* **SUPPLIED MATERIAL**:
───

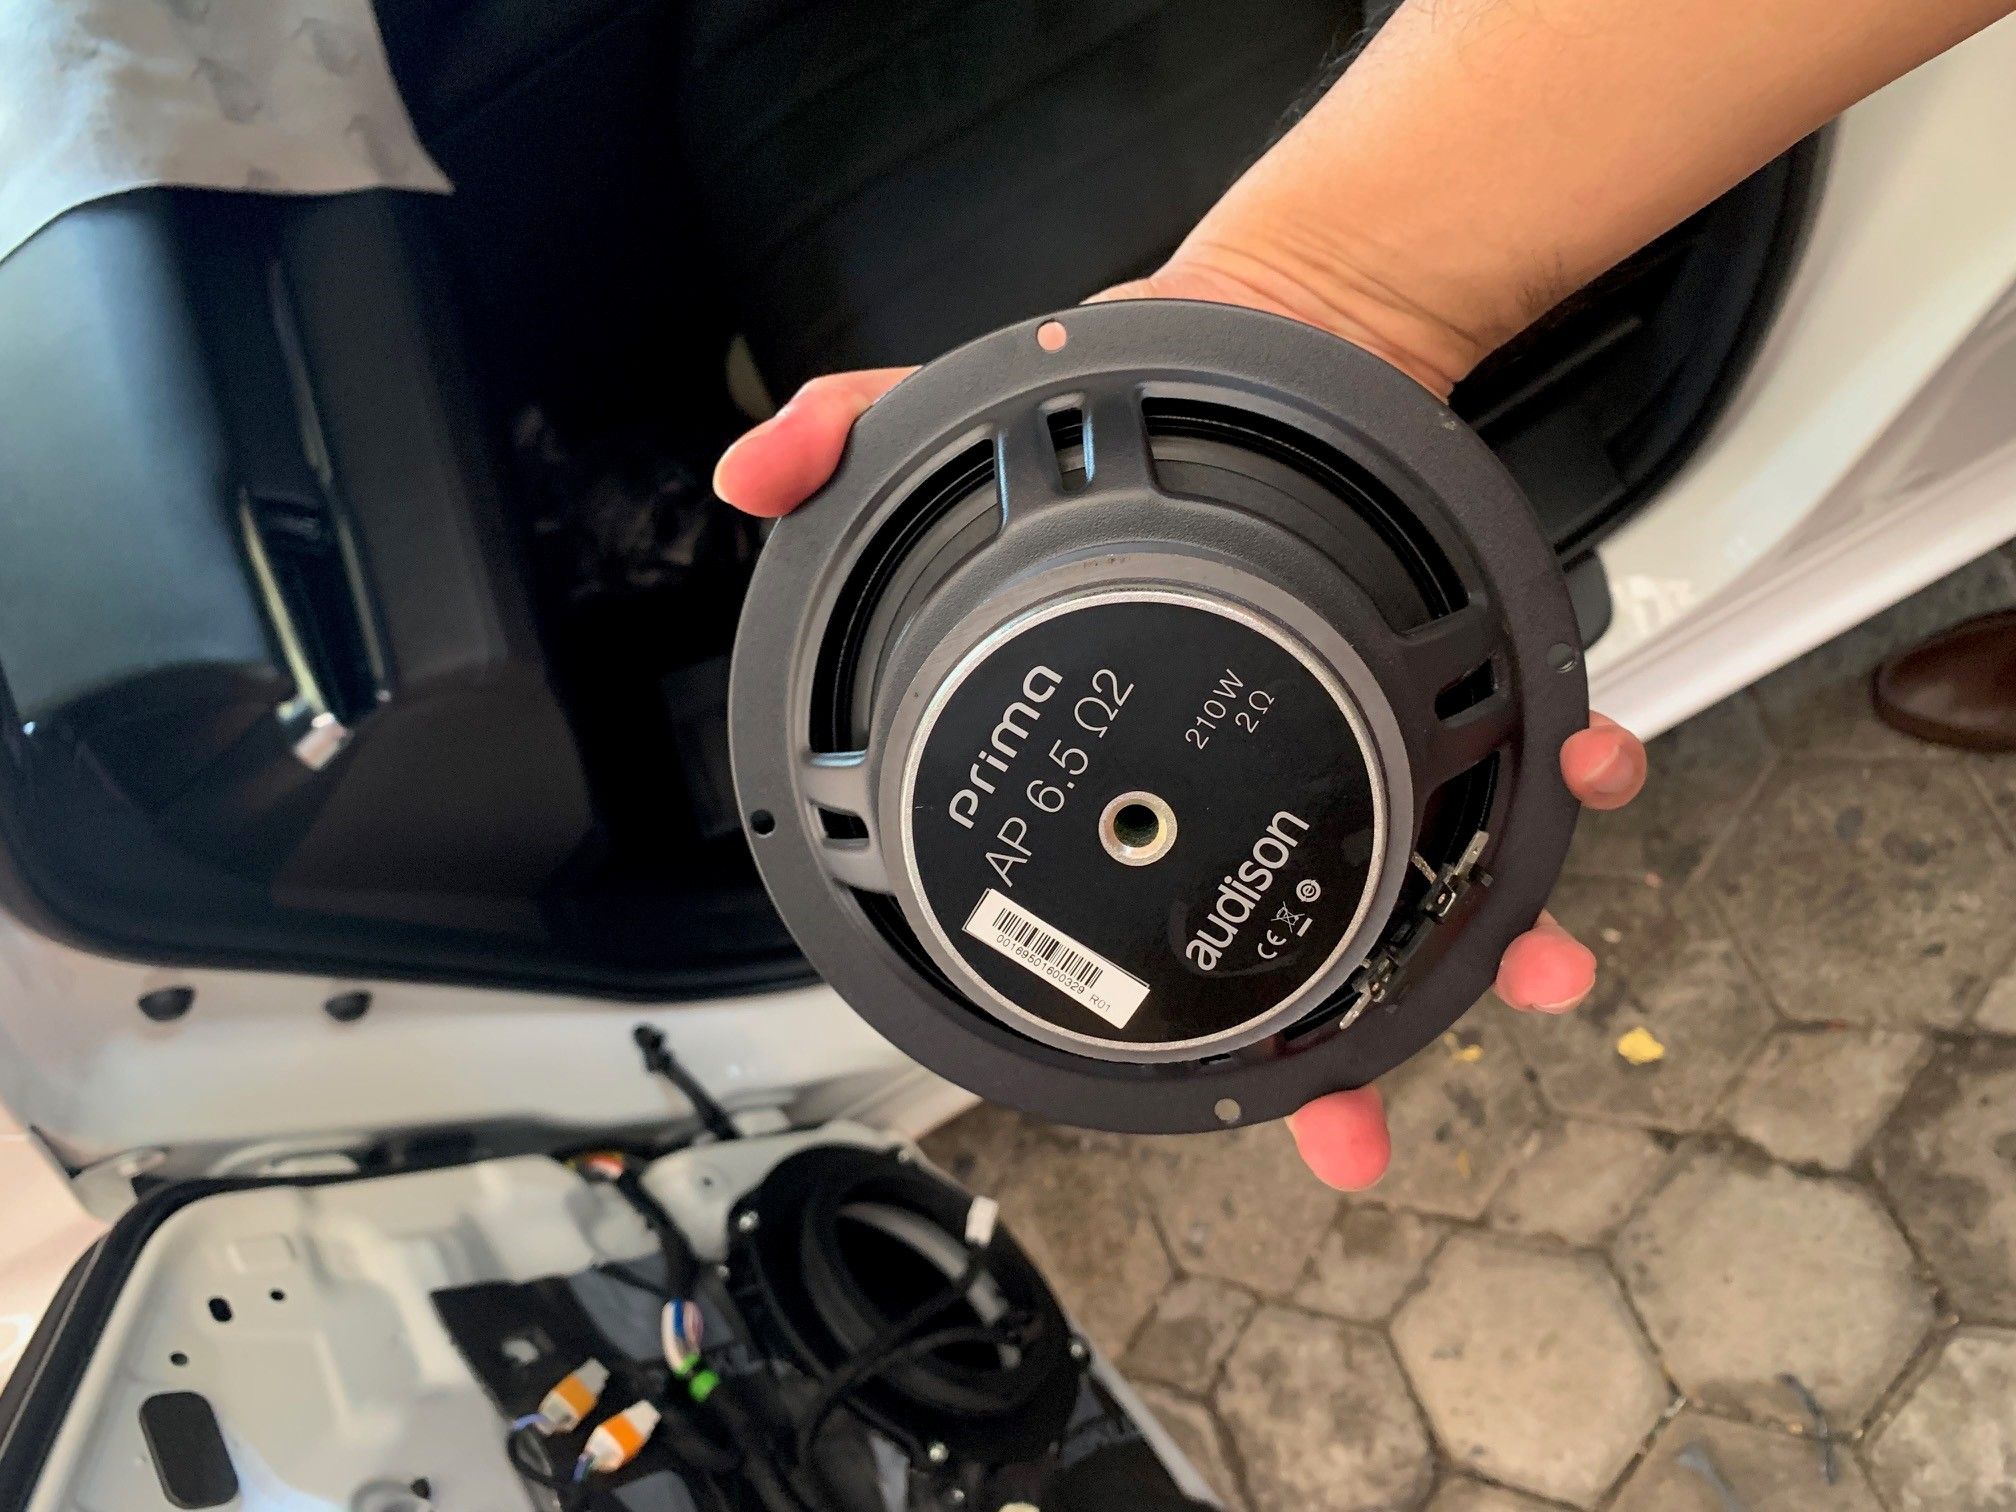 خروف عمليه الضرب بومبي  Mazda 6 Estate / Wagon 2019 - Audio Upgrade for Daily Driving |  DiyMobileAudio.com Car Stereo Forum
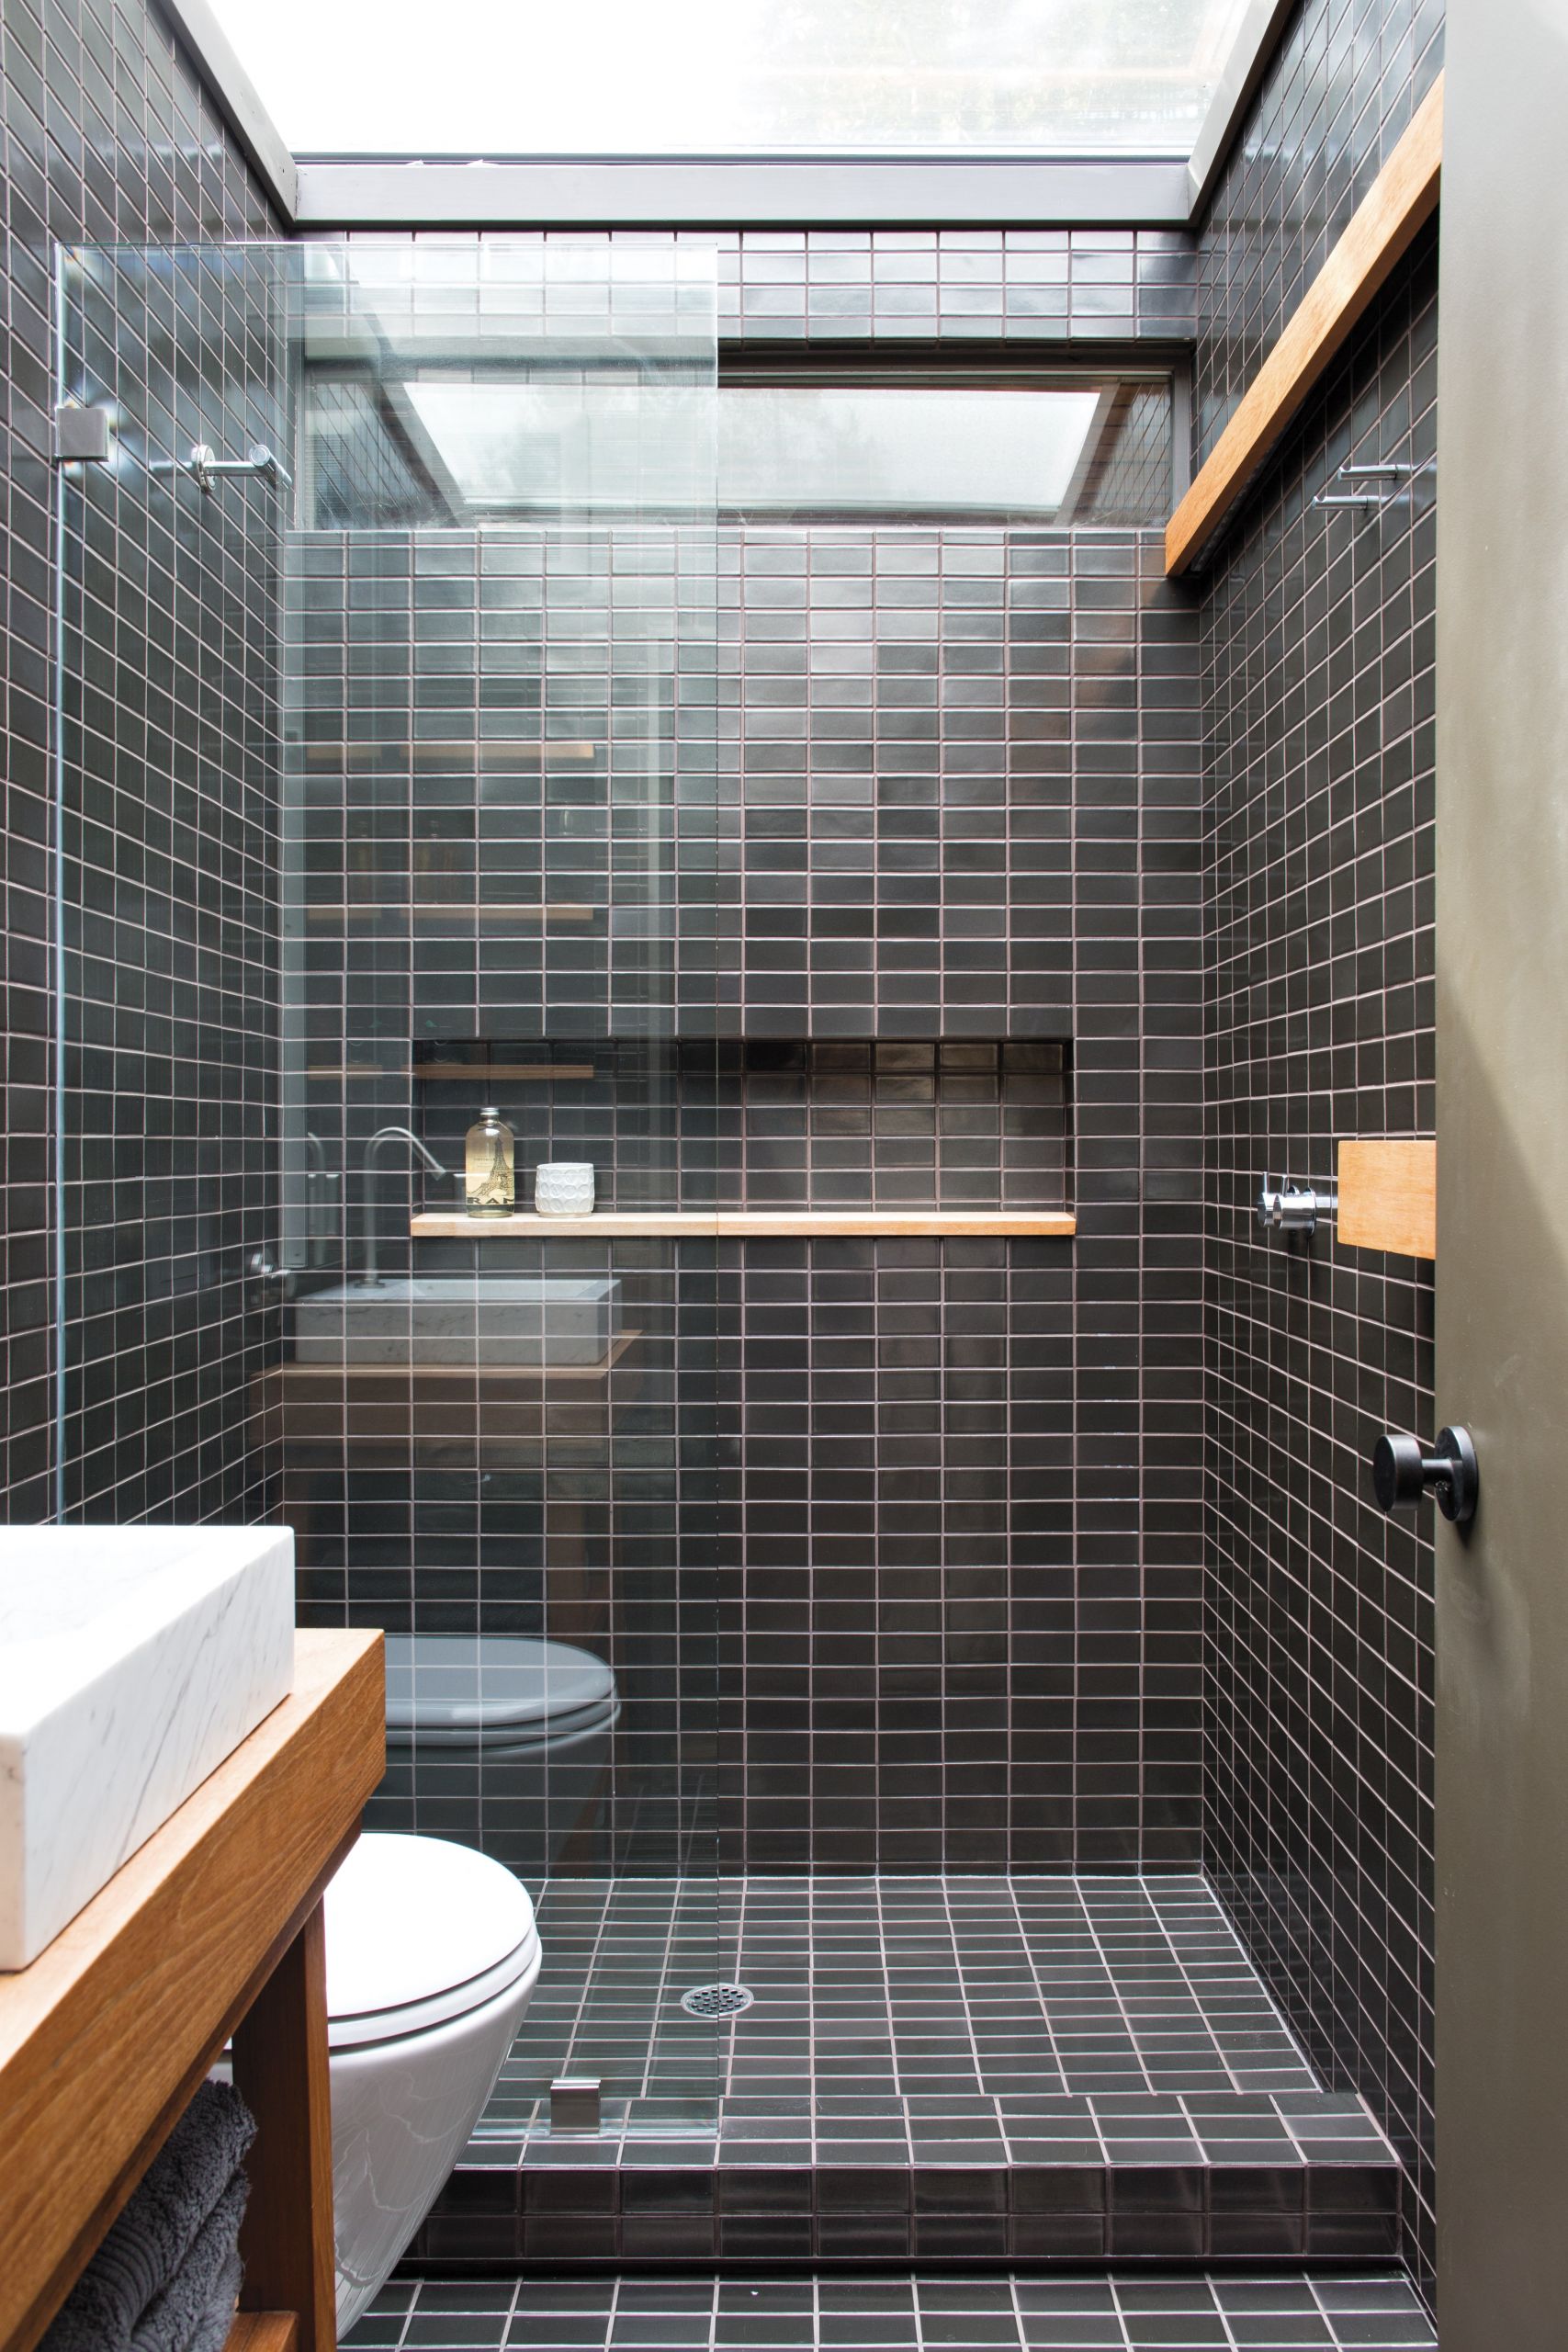 Tile Bathroom Ideas Photos
 How to Create the Bathroom Tile Design of Your Dreams

───

* **TRY IT**:
Print each line above exactly as it appears, excluding all images.

* **EXPECTED ANSWER**:
 خروف عمليه الضرب بومبي  Mazda 6 Estate / Wagon 2019 - Audio Upgrade for Daily Driving |  DiyMobileAudio.com Car Stereo Forum
 Tile Bathroom Ideas Photos
 How to Create the Bathroom Tile Design of Your Dreams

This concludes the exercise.